A data race in the JMM is two accesses to the same non-volatile location, at least one a write, not ordered by happens-before. The JMM does not make racy programs UB — it preserves type safety and an out-of-thin-air guarantee — but the observable values become essentially unusable. (The "out-of-thin-air" problem is formally unsolved; the JMM forbids it by fiat, which is why a fully satisfactory axiomatic model for Java/C++ remains open research — see Batty et al., "The Problem of Programming Language Concurrency Semantics".)

The Go memory model

Go's model (revised 2022 to align with C/C++ release/acquire) shares the happens-before spine but is channel-centric:

  • A send on a channel happens-before the corresponding receive completes.
  • The close of a channel happens-before a receive that returns zero because the channel is closed.
  • A receive from an unbuffered channel happens-before the send on that channel completes — a stronger guarantee than buffered channels give.
  • sync.Mutex/RWMutex: the n-th Unlock happens-before the (n+1)-th Lock.
  • sync/atomic operations behave as sequentially consistent atomics.

The Go model explicitly states that a program with a data race has undefined behavior with respect to the racing accesses, and go test -race (ThreadSanitizer) is the supported detector.

C++ atomics and the memory_order menu

C++11 gave the first standardized memory model for a systems language. std::atomic operations take a memory_order:

Order Guarantee Typical use
relaxed atomicity only, no ordering counters, statistics
consume data-dependent ordering (effectively deprecated; promoted to acquire) RCU pointer chasing
acquire / release one-way barrier pair lock-free publish / consume
acq_rel both, for read-modify-write CAS in a stack / queue
seq_cst global total order across all seq_cst ops default; when in doubt

seq_cst is the default precisely because it is the only ordering most programmers can reason about. Reaching for relaxed to "go faster" without a proof is the classic expert-beginner mistake.

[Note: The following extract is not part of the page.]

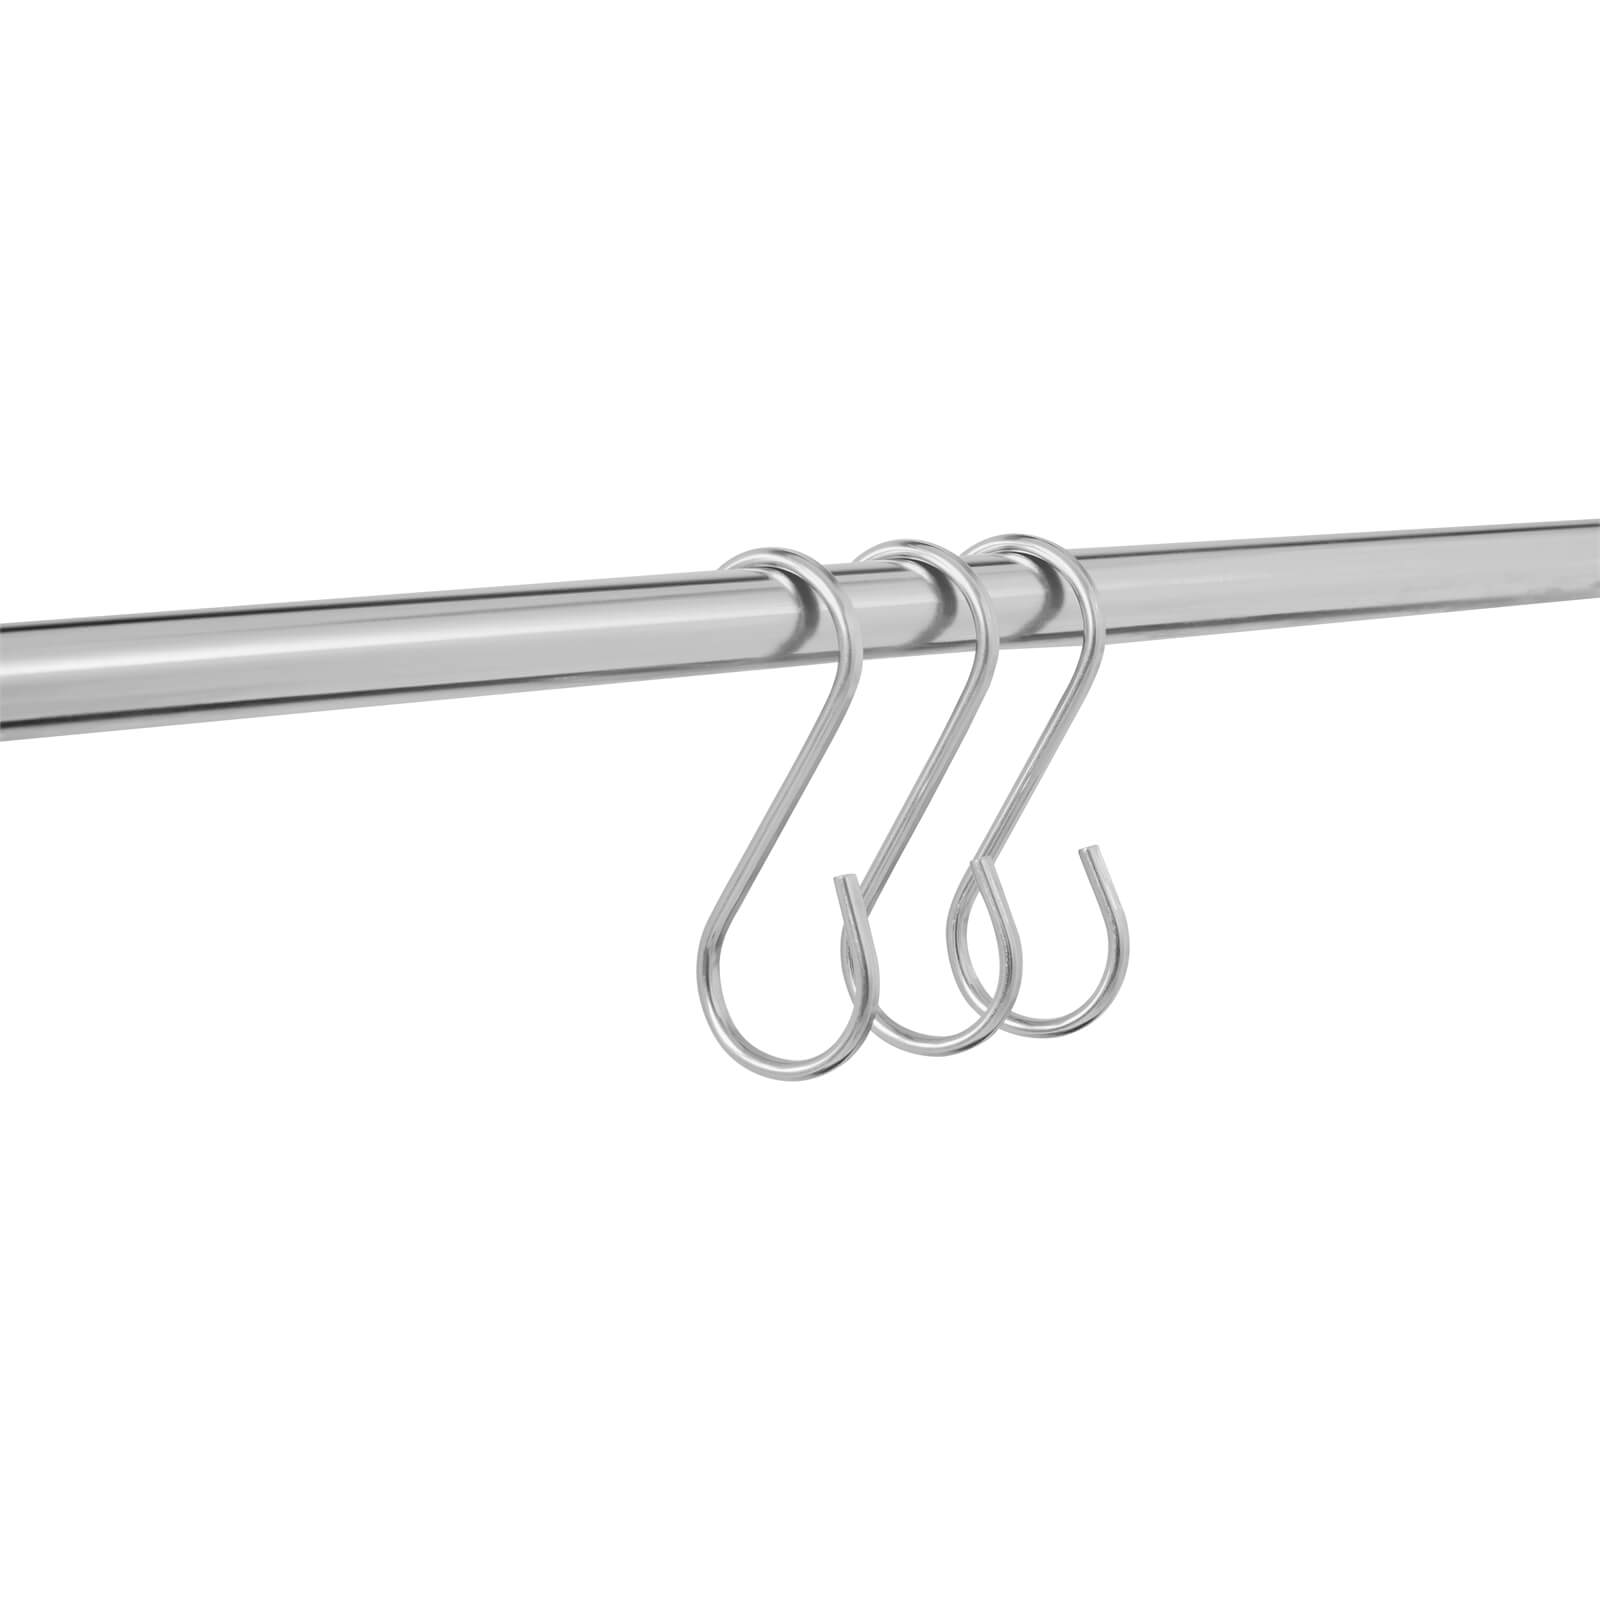 Sorello Brushed Steel Hooks - Set of 10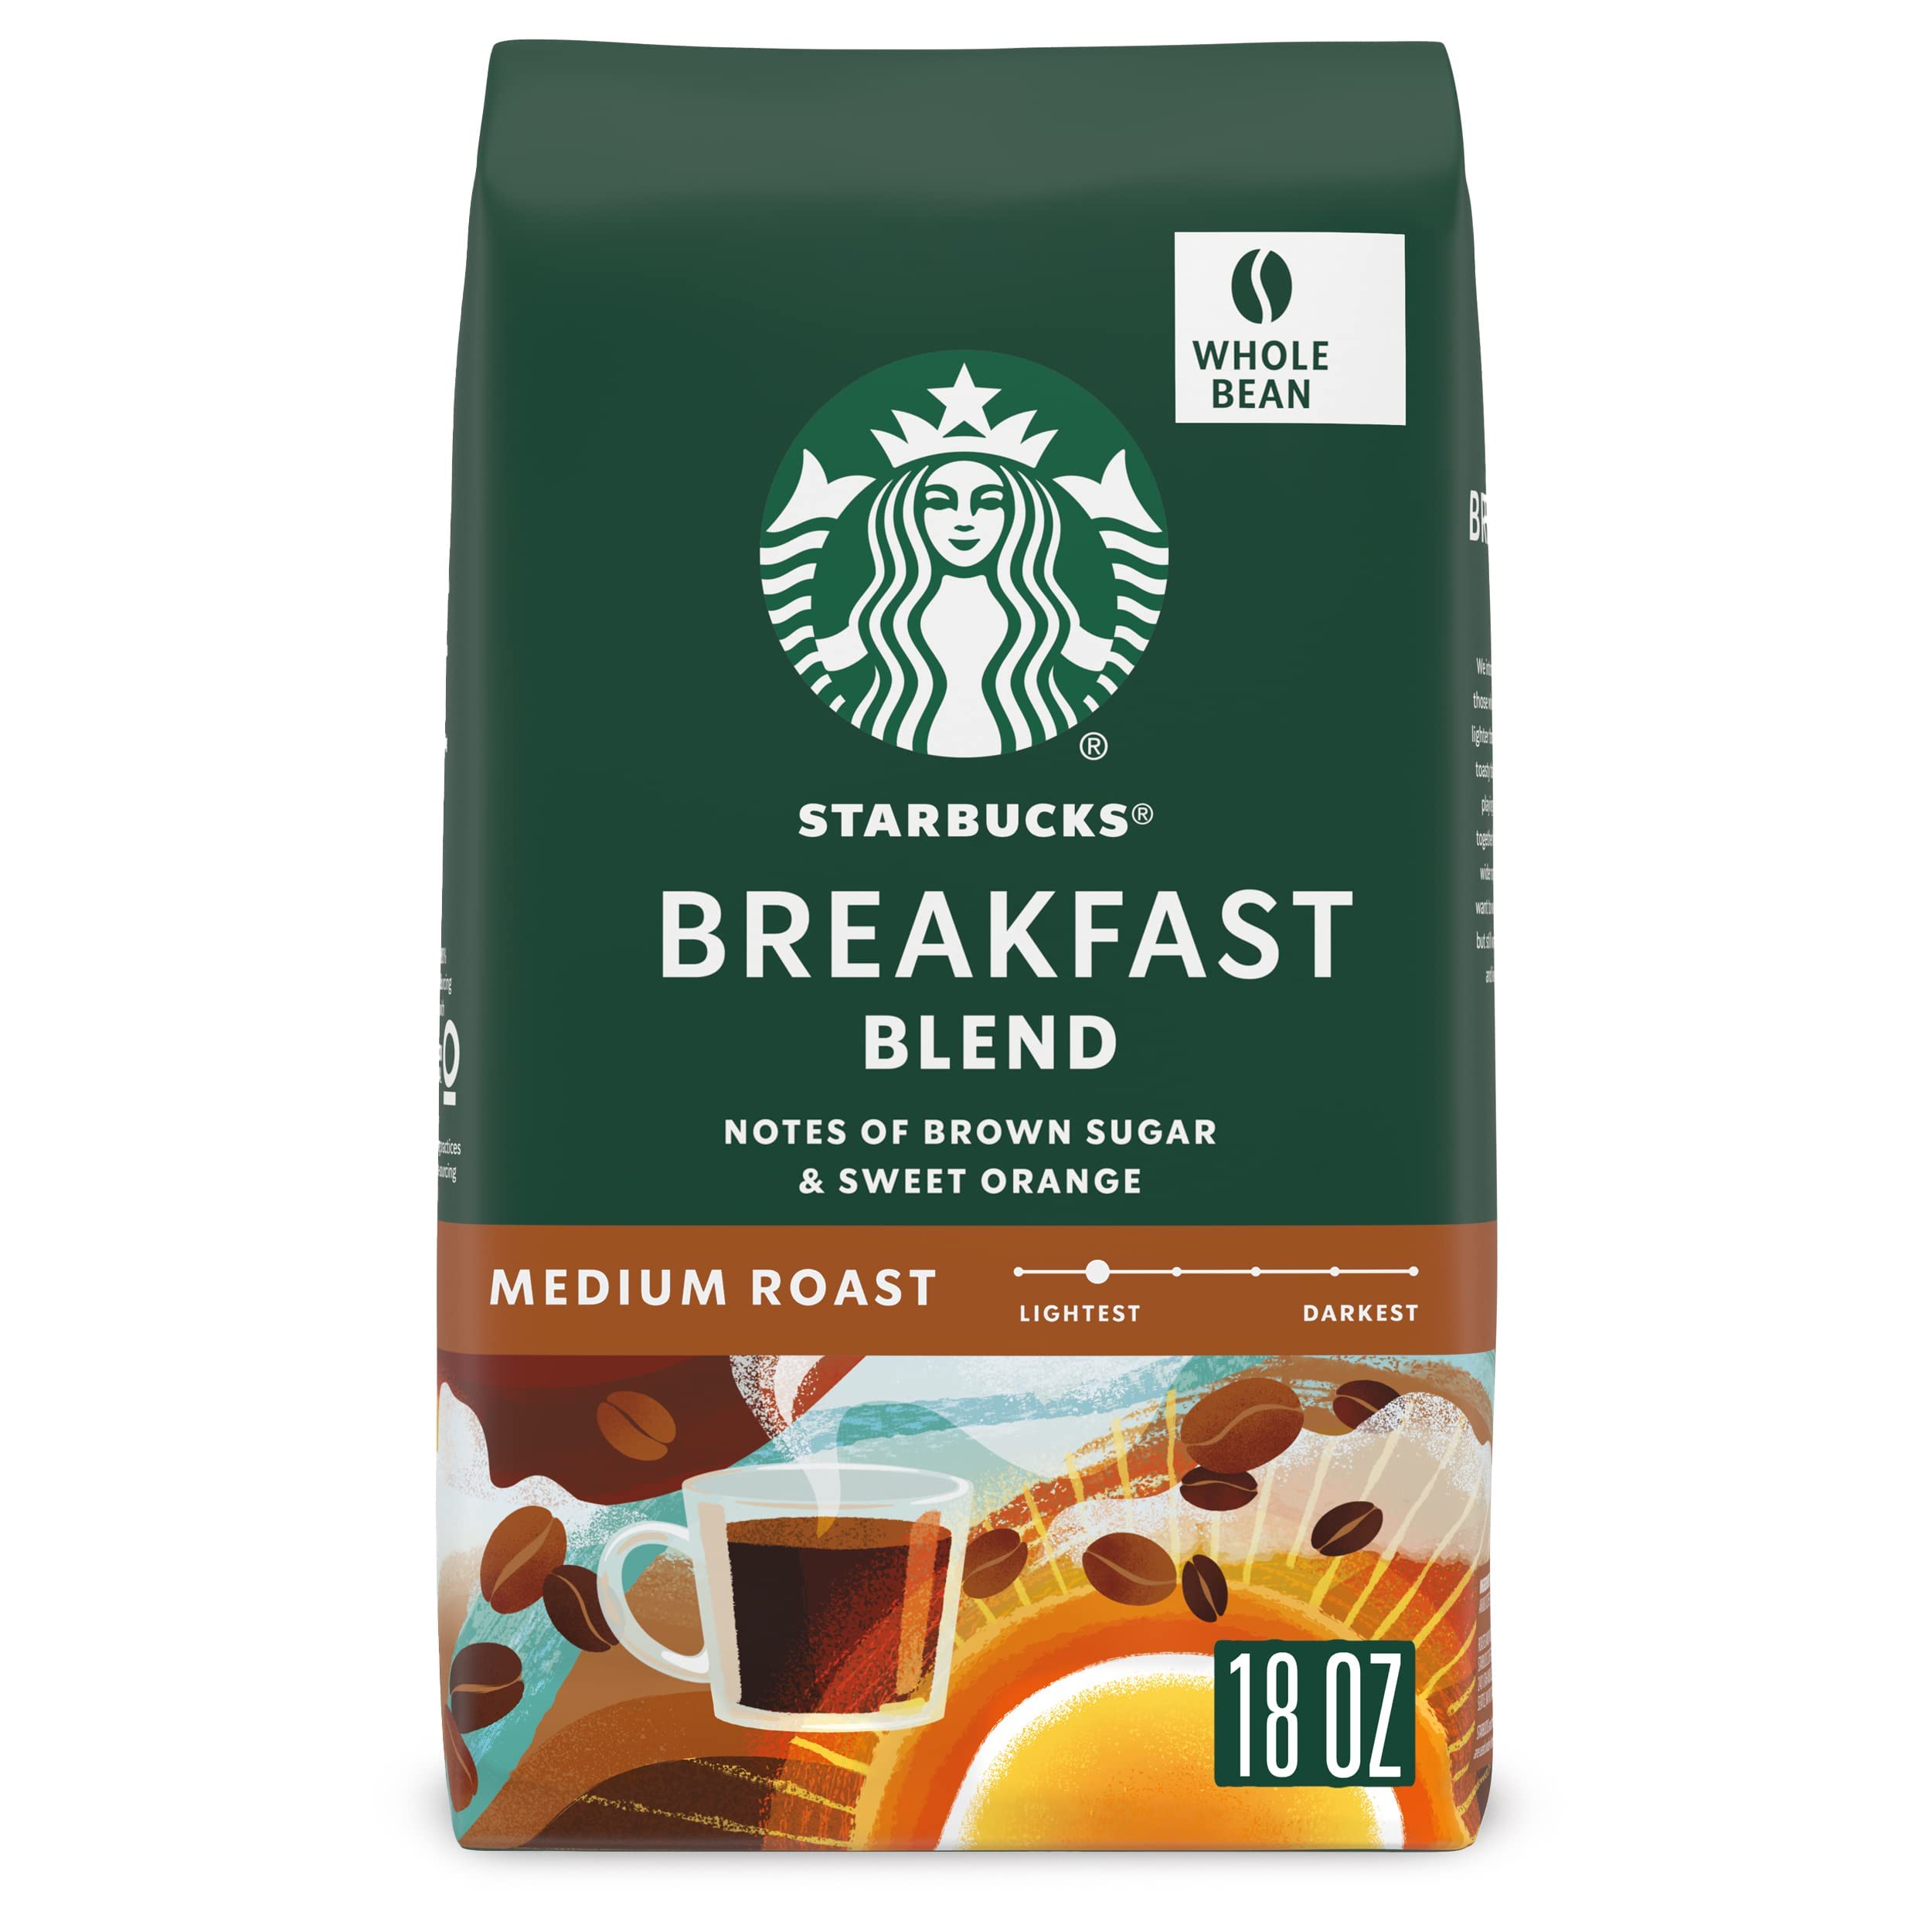 18-Oz Starbucks Medium Roast Whole Bean Coffee (Breakfast Blend) $6.10 w/ S&S + Free Shipping w/ Prime or on $25+

A note on Rust's Send/Sync

Rust encodes the memory-safety half of concurrency in the type system, not in runtime discipline. Send means a value may be moved to another thread; Sync means &T may be shared across threads (equivalently, &T: Send). The compiler refuses to compile a program that shares a non-Sync type across a thread boundary — data races on memory are a compile error. This does not prevent deadlocks or logical race conditions (those are not memory-unsafe), but it eliminates the entire "I forgot the lock" class of UB statically. It is the cleanest demonstration that the memory model can be lifted into types: the same release/acquire atomics exist (std::sync::atomic::Ordering), but you cannot accidentally share mutable state.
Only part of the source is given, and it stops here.